UANG JAJAN
UANG JAJAN.
Kini hampir tidak ada orangtua yang tidak memberikan uang jajan kepada anak-anaknya. Banyak alasan mengapa orangtua memberikan uang jajan kepada anaknya; tidak sempat sarapan dirumah, malu pada anak orang lain yang setiap hari ada uang jajan, kasihan pada anak, karena kebiasaan, karena kelebihan uang. Uang jajan adalah bekal berupa duit yang diberikan orangtua kepada anak untuk membeli makanan dan minuman bahkan pulsa ‘Handphone’.
Saya termasuk yang punya pola fikir kuno soal uang jajan. Uang jajan sesungguhnya jika kita tidak kontrol bisa sangat mubazir dan secara perlahan akan membuat anak tidak memahami arti berhemat. Untungnya kedua anak saya bukanlah tipe anak yang menyukai jajan, maksudnya mereka lebih sering hanya jajan di sekolah, diluar itu mereka jarang sekali jajan. Harus dimaklumi uang jajan selama di sekolah terkadang menjadi dilema tersendiri, saya dan istriku tidak mungkin membiarkan anakku tanpa uang jajan, setiap hari hanya menonton teman-temannya jajan dan dengan itu berarti membiarkan air liurnya bolak-balik ditelan karena menahan rasa. Tidak mungkin pula memberikan uang jajan setiap hari tanpa dikontrol sehingga mereka setiap hari, setiap waktu hanya berfikir jajan dan jajan. Bahkan ada orangtua yang karena tidak sabar dan “takluk” sama anaknya, setiap anaknya menangis cara yang dilakukan adalah mengiminginya untuk jajan kesukaannya, maka anak yang menangis diam, tapi sesungguhnya cara itu jadi racun yang tak mendidik bagi orangtua dan sianak.
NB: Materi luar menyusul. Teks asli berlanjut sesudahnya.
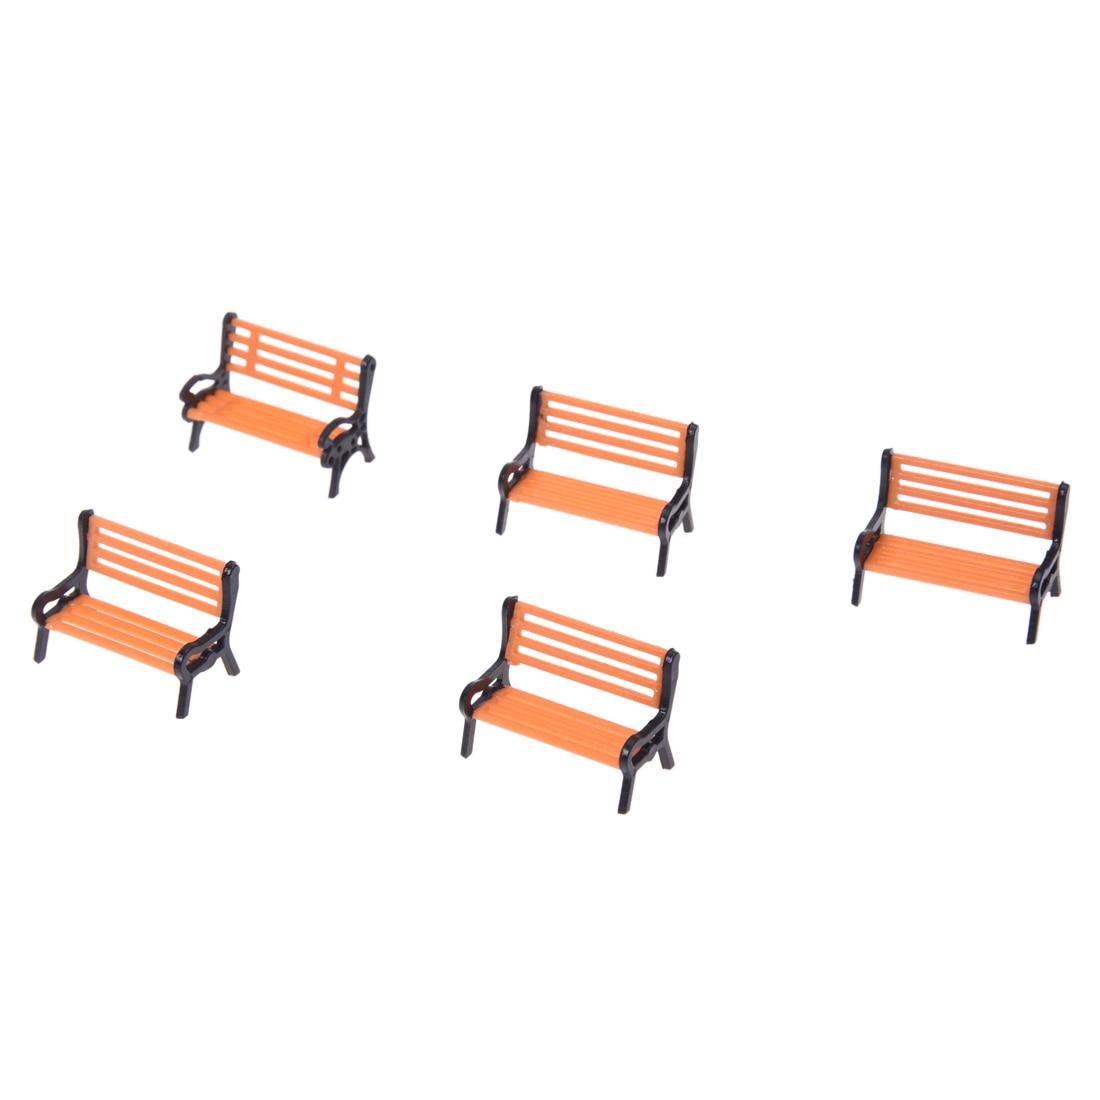 5pcs Model Train Platform Park Street Seats Bench Chair Settee 1: 50 Scale  Courtyard Chairs Railway Modeling

Saya menganut uang jajan harus melalui satu pintu, dan anak saya sudah memahami hal itu. Mereka hanya akan minta uang jajan pada bunda mereka, kepada saya mereka akan minta jika kondisi terpaksa, misal ketika istriku lagi tak ada uang kecil atau saat istriku lagi tak ada. Kenapa saya menganut satu pintu, karena saya ingin anak saya tumbuh jujur. Saya tak ingin misalnya, anak saya sesudah minta sama istriku lalu minta lagi sama saya dengan alasan dari bundanya belum dikasih atau sebaliknya. Hal itu juga memudahkan bagi istriku untuk mengontrol pengeluaran. Alhamdulillah, setiap bundanya meminta membeli sesuatu di warung / mini market dekat rumah, jika ada uang kembalian, uang itu selalu utuh, kedua anakku tidak akan mencoba mengambil atau membelikan sesuatu sebelum minta izin. Jadilah mereka dapat uang jajan dari ibunya saja (satu pintu) ini yang saya maksud fikiran kuno.
Memberi pemahaman pada anak tentang uang jajan agar dihemat atau tidak dihabiskan semua untuk ditabung, ternyata bukanlah sesuatu hal yang gampang. Anakku yang pertama hampir selalu menghabiskan uang jajannya sedang anakku yang kedua terkadang saja dia habiskan. “Uang jajan itu kan tak mesti harus dihabiskan, Ayuk bisa menabung untuk membeli pulsa, atau kebutuhan ringan lainnya”. Ujarku pada anakku yang tertua. Namun sepertinya kalimat itu belum mempan.
Sejak anakku yang tertua masuk SMP, untuk memulai mengajarkan dia memilih dan menentukan sendiri kebutuhan bulanannya seperti, shampo, bedak, wangi-wangian dan sebagainya. Saya diskusikan sama istri untuk memberikan saja sejumlah uang yang biasa kami belanjakan untuk dia. Ehh..diluar dugaan, anakku yang pertama itu tidak mau, padahal kalau dikasih uang jajan untuk disekolah begitu semangat dan hampir selalu ludes. Jadilah kebutuhan bulanan anak-anakku tetap istriku yang belikan tentu mereka yang memilih sendiri.
Uang jajan zaman sekarang sesuatu yang tidak mungkin dielakkan, kitalah sebagai orangtua yang harus mengontrol dan memberikan pemahaman-pemahaman agar anak kita perlahan memahami arti berhemat dan jujur dalam menggunakan uang jajan. Saya kira andapun setuju dangan pola fikir saya tentang uang jajan.